[[ Data excerpt open ]]

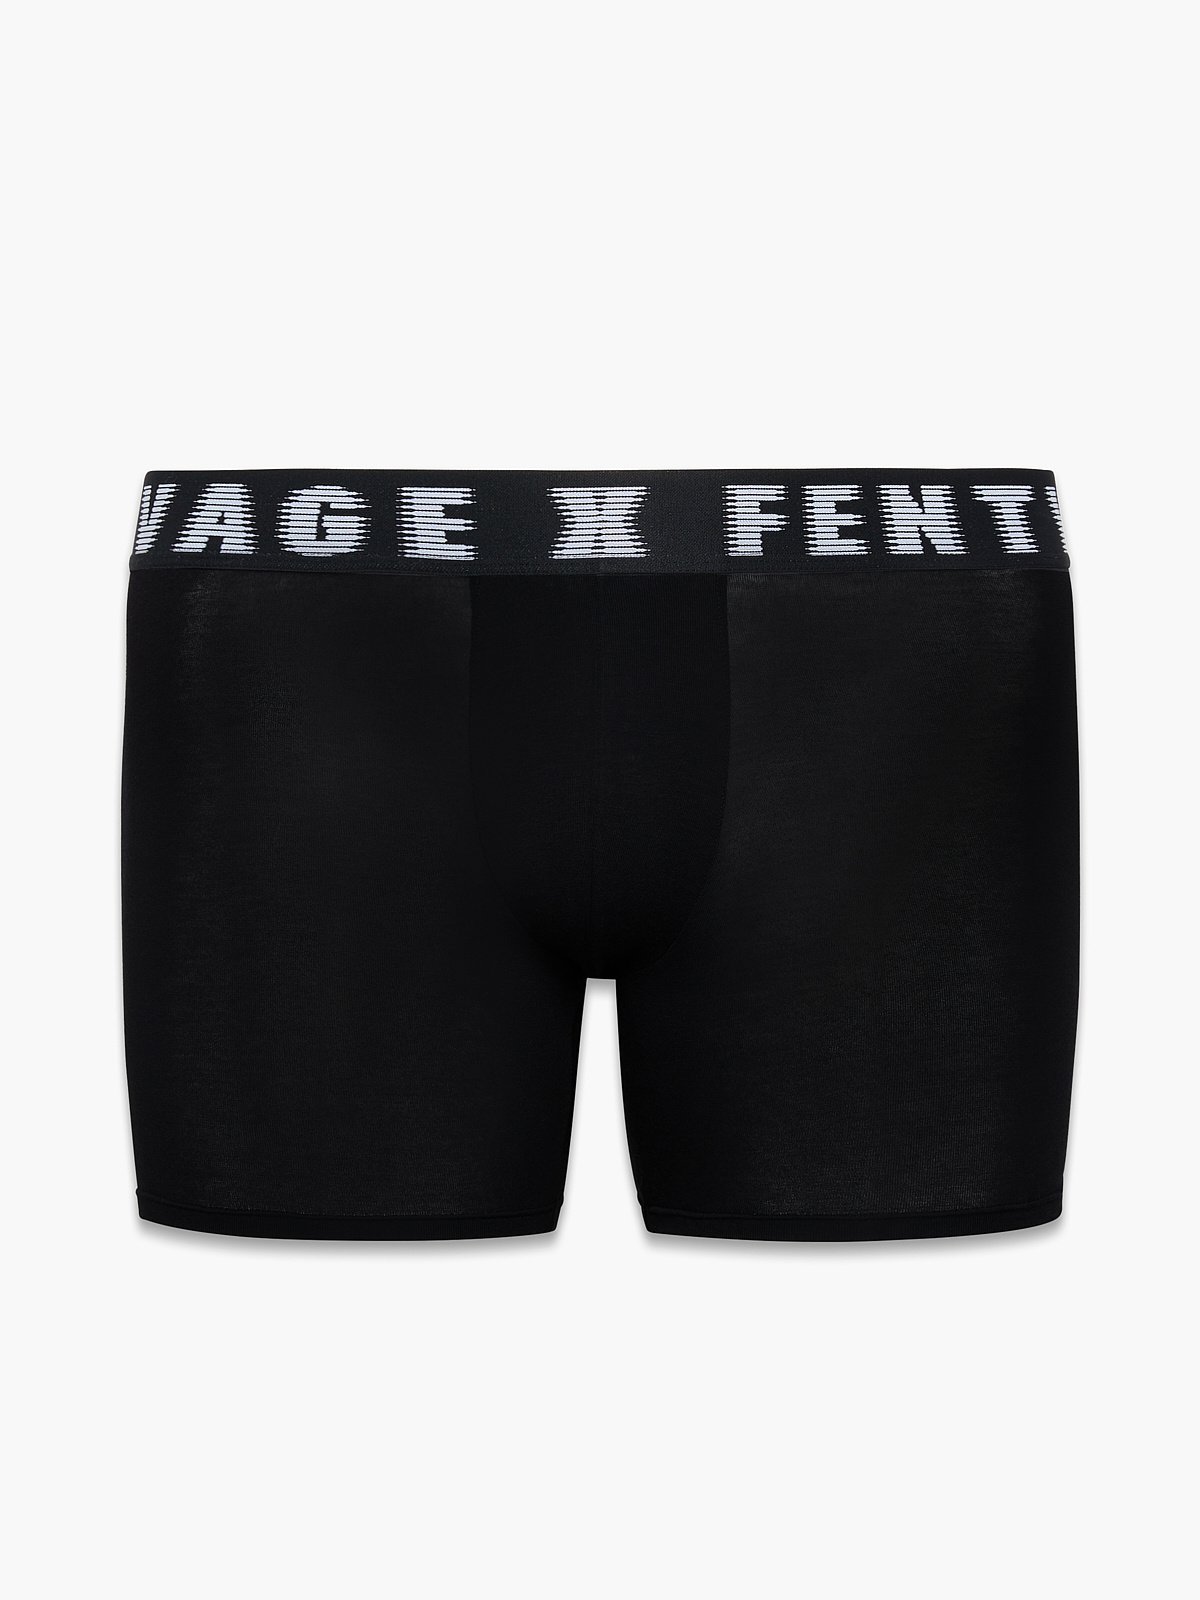 Savage X Boxer Briefs in Black | SAVAGE X FENTY
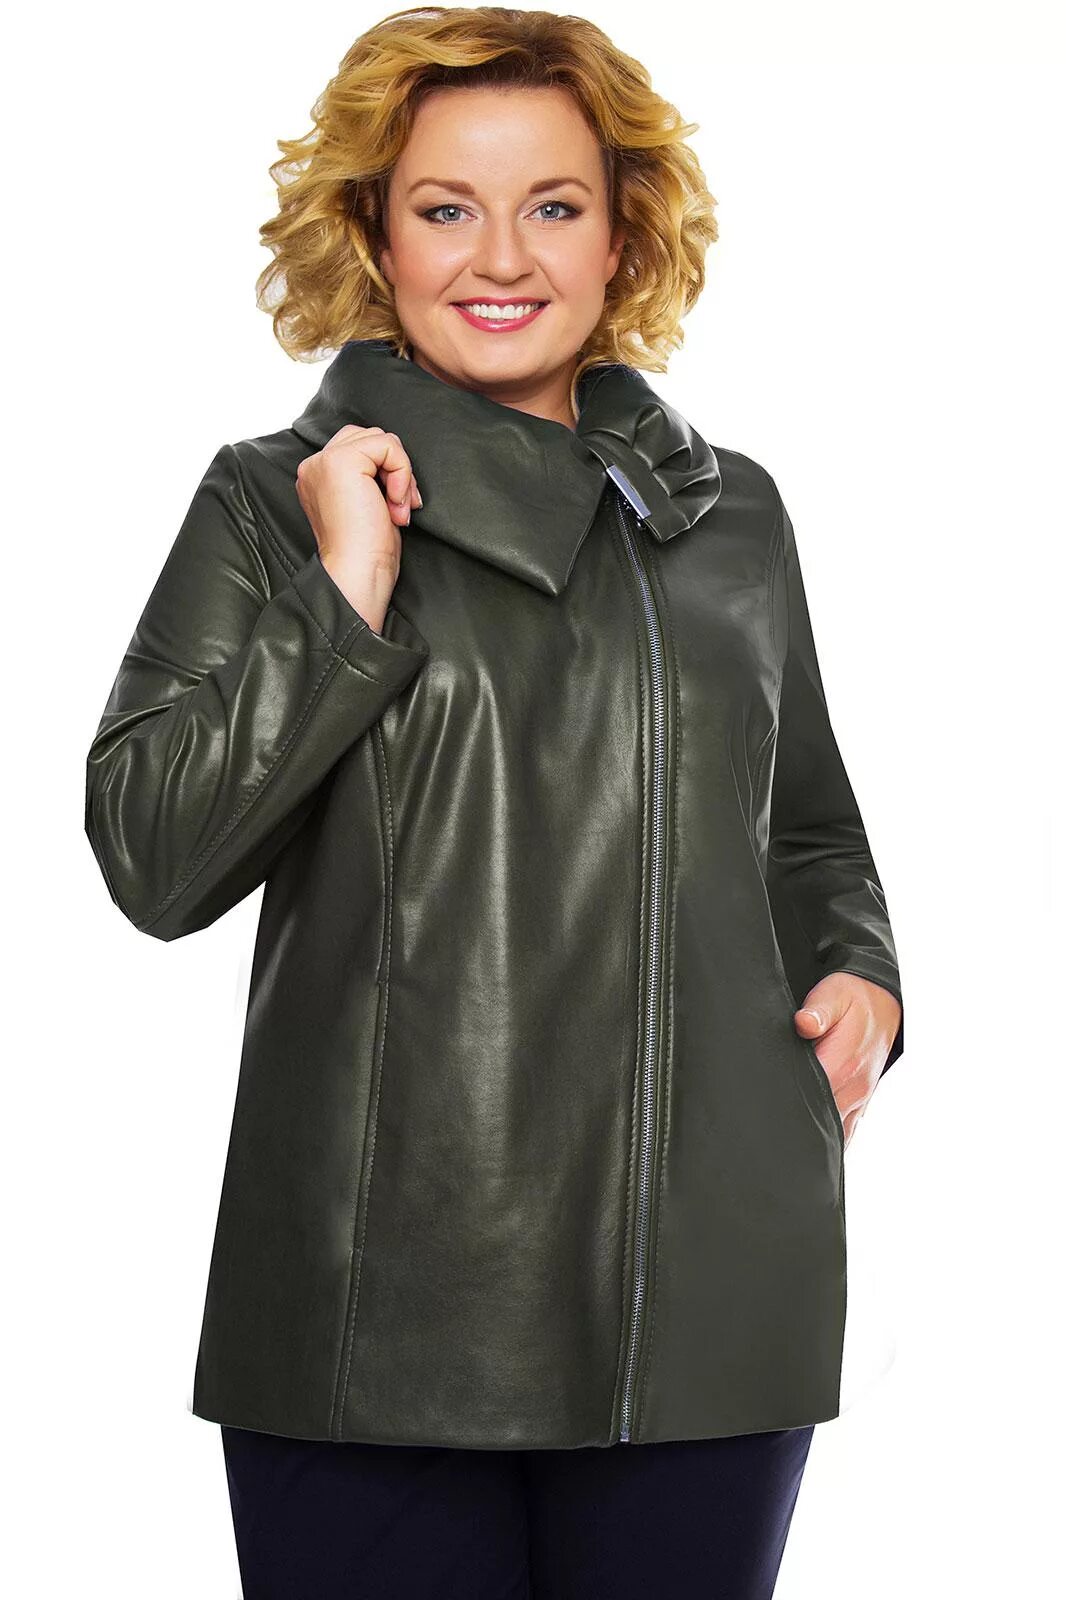 Валберис куртка женская размер 50 52 демисезонная. Куртки для полных женщин. Куртки женские для полных. Стильные куртки для полных женщин.
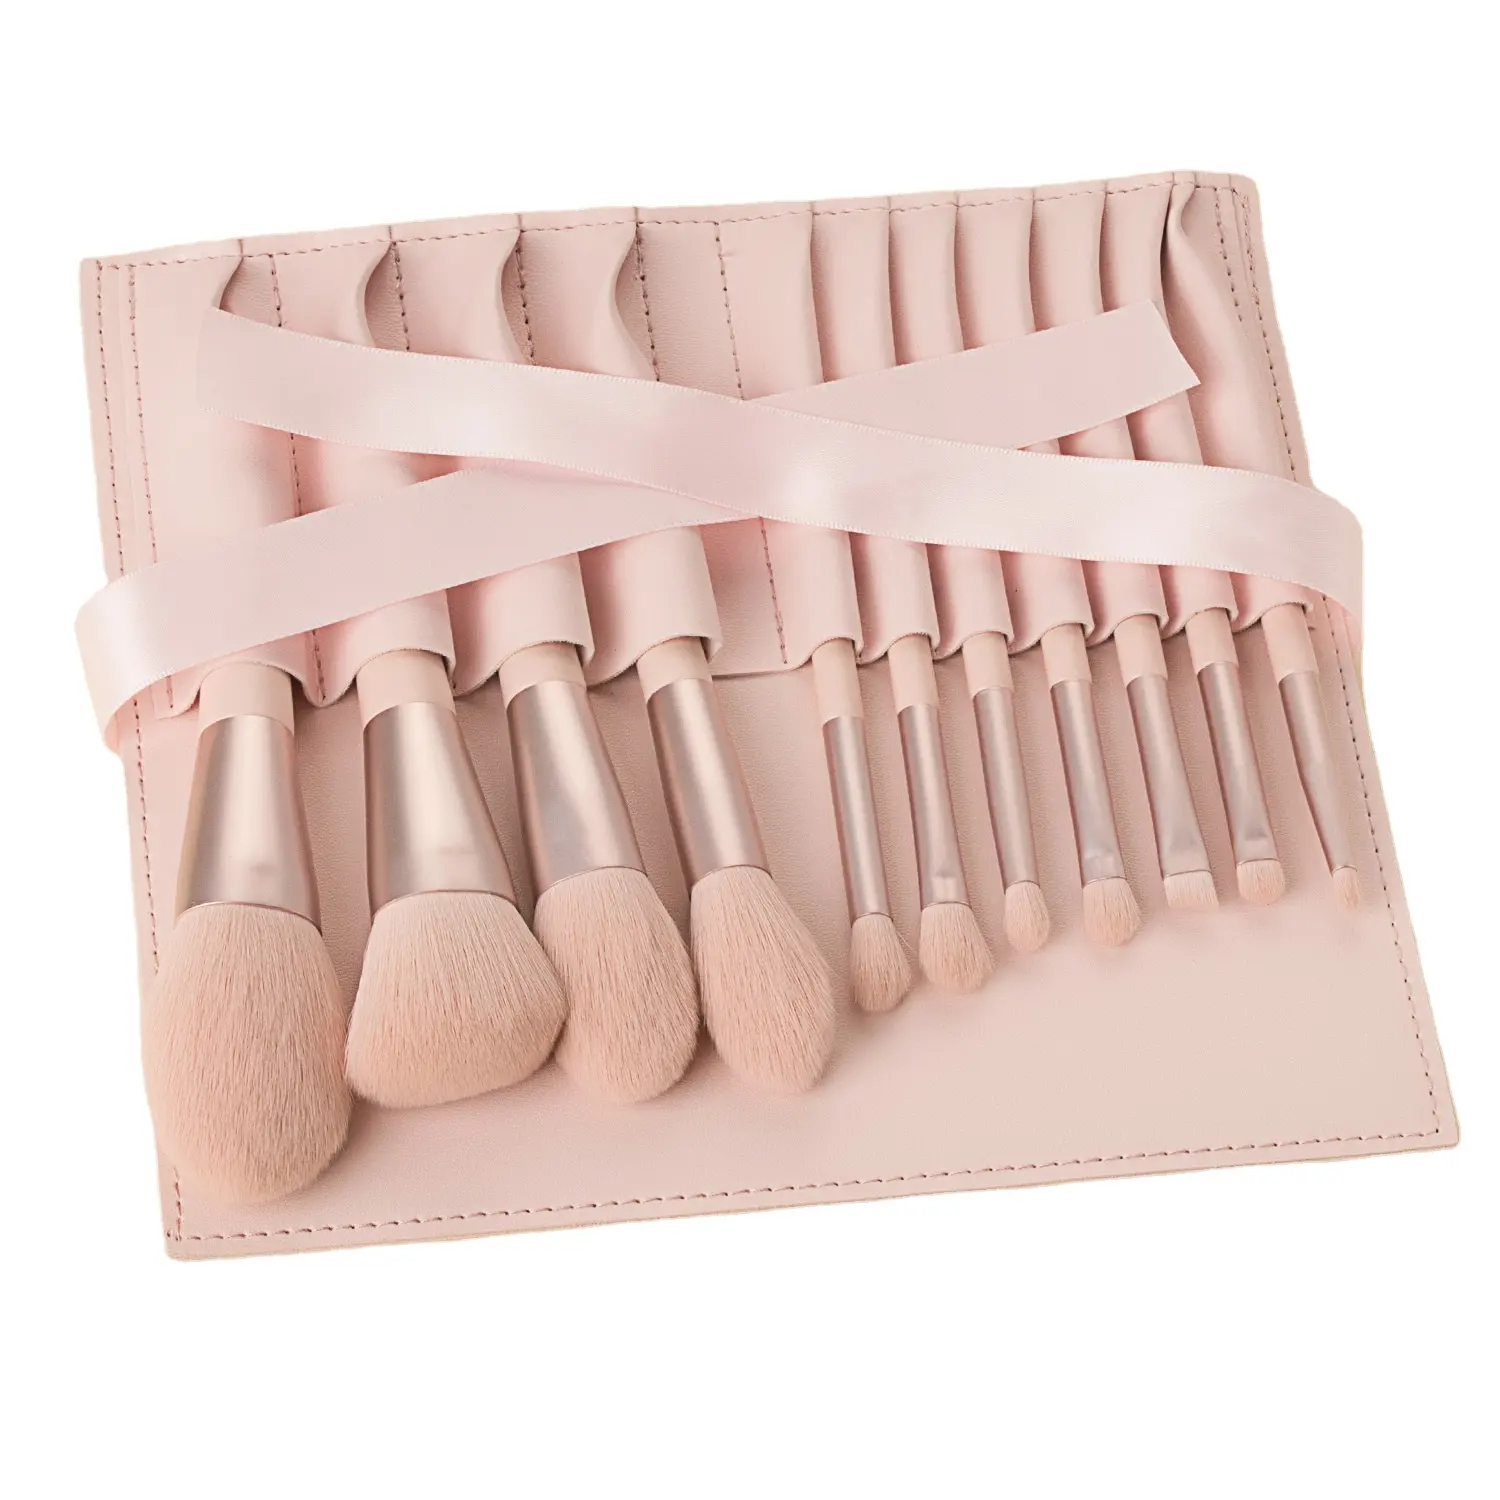 Großhandel 11Pcs Pink Make Up Brushes 11Pcs Handelsmarke Professional Maquill aje Make-up Brushes Set

[[ Data excerpt closed ]]

▶ **Brief**
The reply should repeat the data in full, exactly as given, and contain no pictures.

▶ **Completed exercise**
 Savage X Boxer Briefs in Black | SAVAGE X FENTY
 Валберис куртка женская размер 50 52 демисезонная. Куртки для полных женщин. Куртки женские для полных. Стильные куртки для полных женщин.
 Großhandel 11Pcs Pink Make Up Brushes 11Pcs Handelsmarke Professional Maquill aje Make-up Brushes Set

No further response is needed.